CSE411: Introduction to Compilers

Abstract Syntax Tree

Jooyong Yi (UNIST)

Where We Are

         |-------|            |--------|        
Source → | Lexer | → tokens → | Parser | → parse
Program  |       |            |        |   tree 
         |-------|            |--------|        
                                                        

So far, we know that ...

         |-------|            |--------|        
Source → | Lexer | → tokens → | Parser | → parse
Program  |       |            |        |   tree 
         |-------|            |--------|        
                                                        

So far, we know that ...

         |-------|            |--------|        
Source → | Lexer | → tokens → | Parser | → parse
Program  |       |            |        |   tree 
         |-------|            |--------|        
                                                        
  • The source program is grammatically correct.

We still do not know ...

         |-------|            |--------|        
Source → | Lexer | → tokens → | Parser | → parse
Program  |       |            |        |   tree 
         |-------|            |--------|        
                                                        
  • How to generate the target program.
  • How to optimize the program.
  • Whether the program satisfies desired semantic properties such as the lack of type errors.

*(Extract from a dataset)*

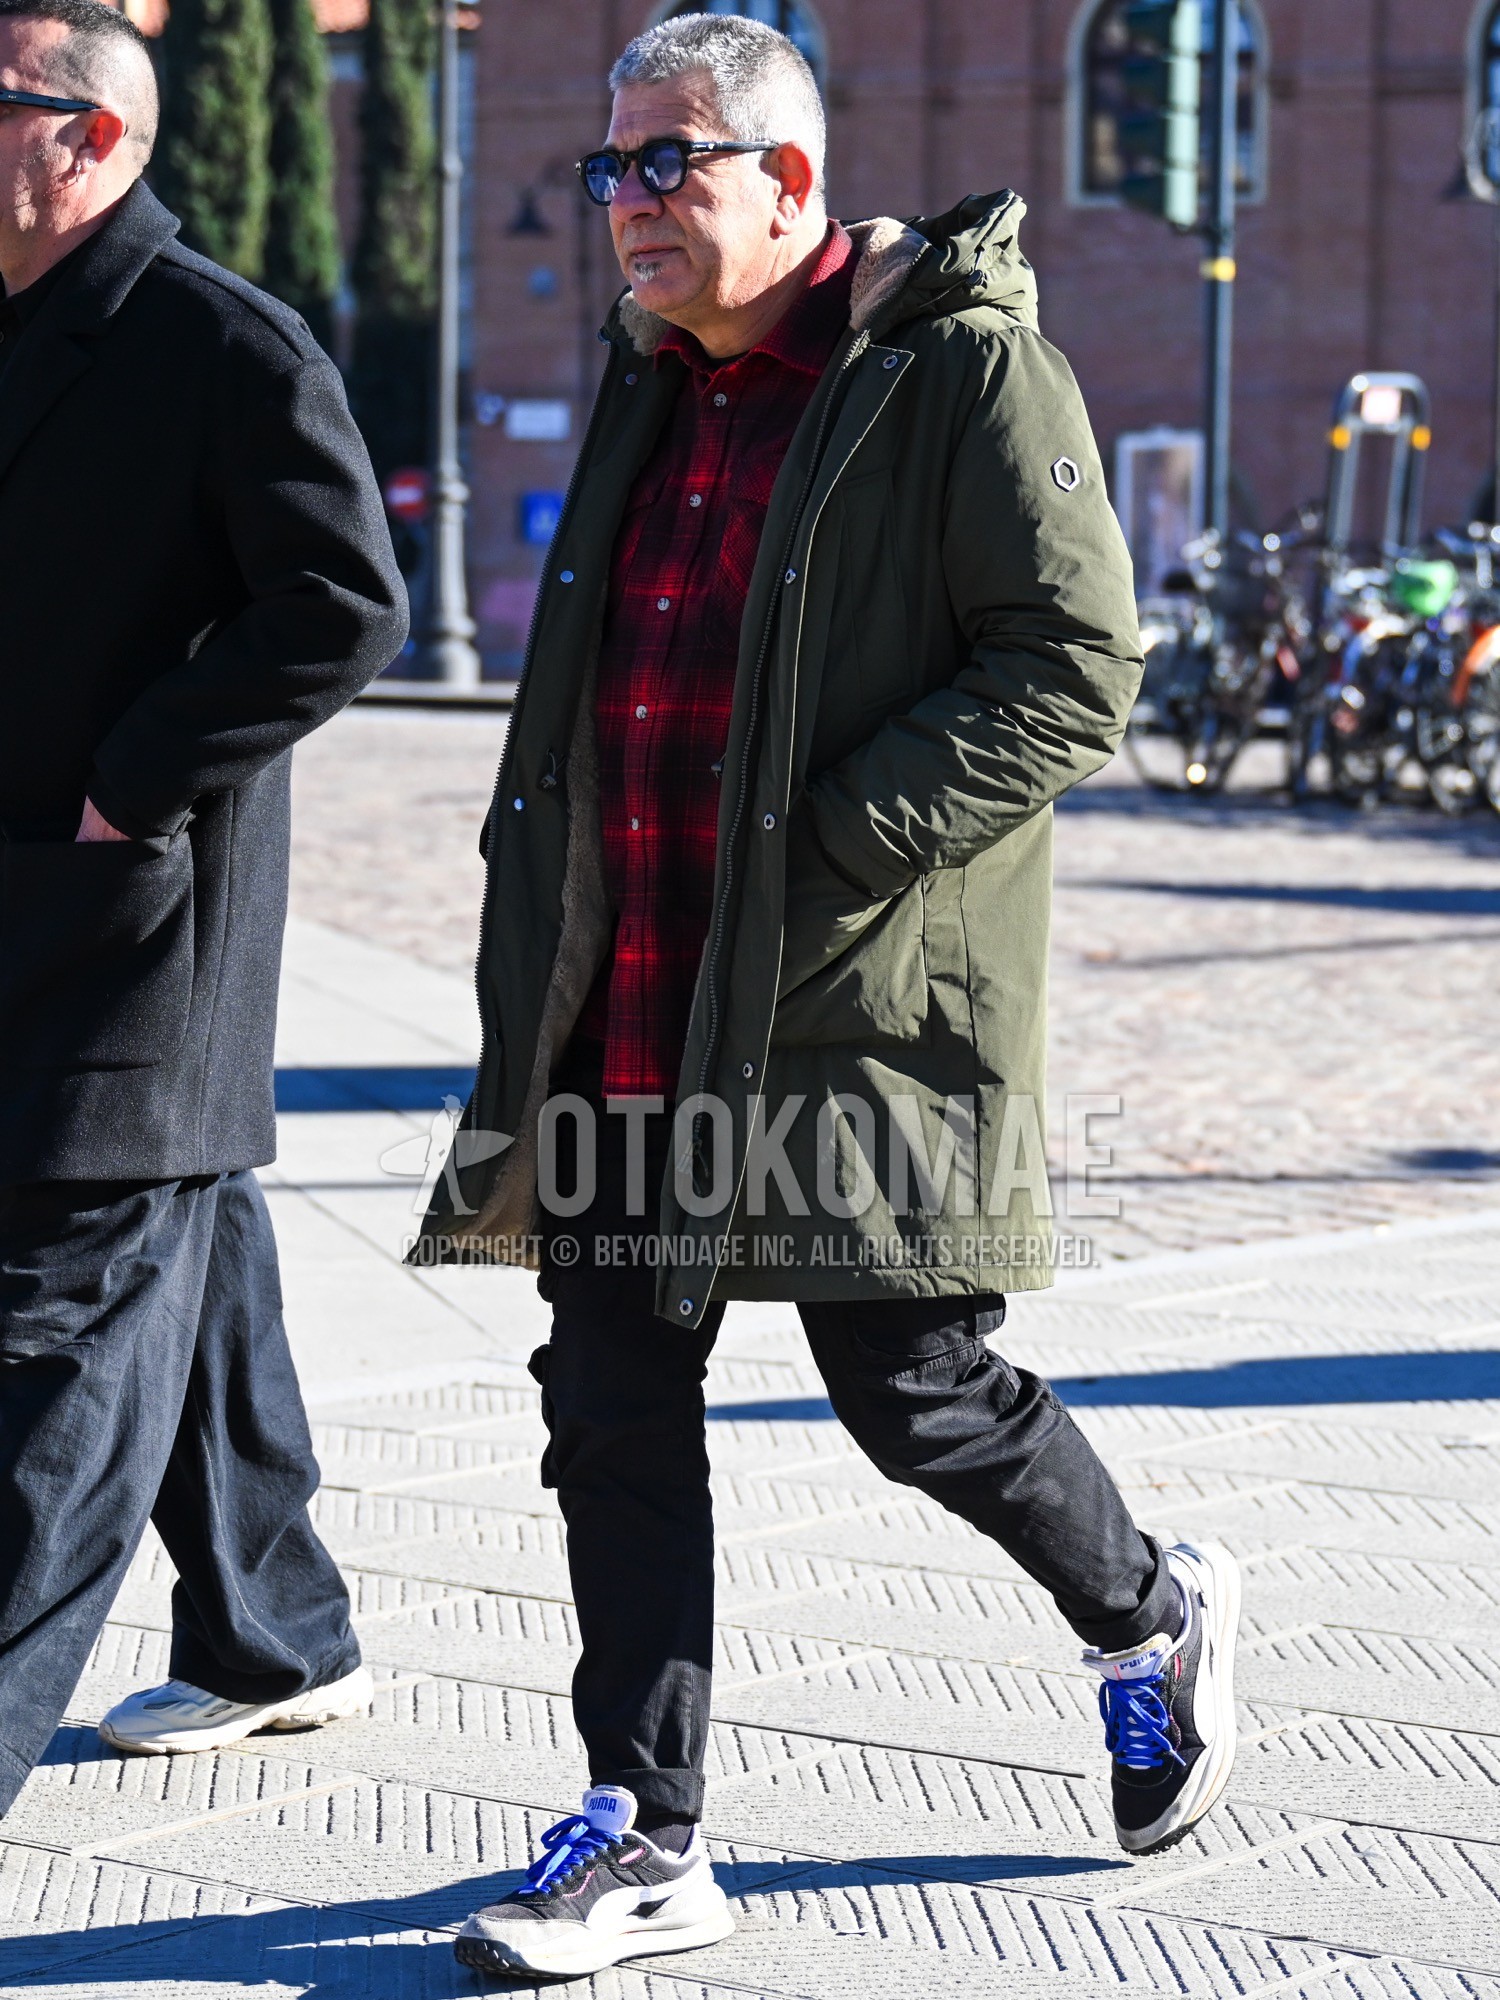 Men's autumn winter outfit with black plain sunglasses, olive green plain mod coat, red check shirt, black plain cargo pants, black plain socks, black white low-cut sneakers.

How to attach semantic information to the parse tree?

Review: Recursive Descent Parsing

                                                         E : T E'
                                                         E': + T E' | ε
E: E + E | E * E | (E) | int          ==>                T : F T'
                                                         T': * F T' | ε
                                                         F: int | (E)                                                                    
val tok = ref (getToken())
fun advance() = tok := getToken()
fun eat(t) = if t = !tok then tok := advance() else error()

fun E() = (T(); E'())
and E'() = case !tok (* lookahead token *)
           of PLUS => (eat(PLUS); T(); E'())
            | ? => () (* do nothing *)
and T() = (F(); T'())
and T'() = case !tok (* lookahead token *)
           of TIMES => (eat(TIMES); F(); T'())
            | ? => () (* do nothing *)
and F() = case !tok (* lookahead token *)
          of INT => eat(INT)
           | LPAREN => (eat(LPAREN); E(); eat(RPAREN))                                                             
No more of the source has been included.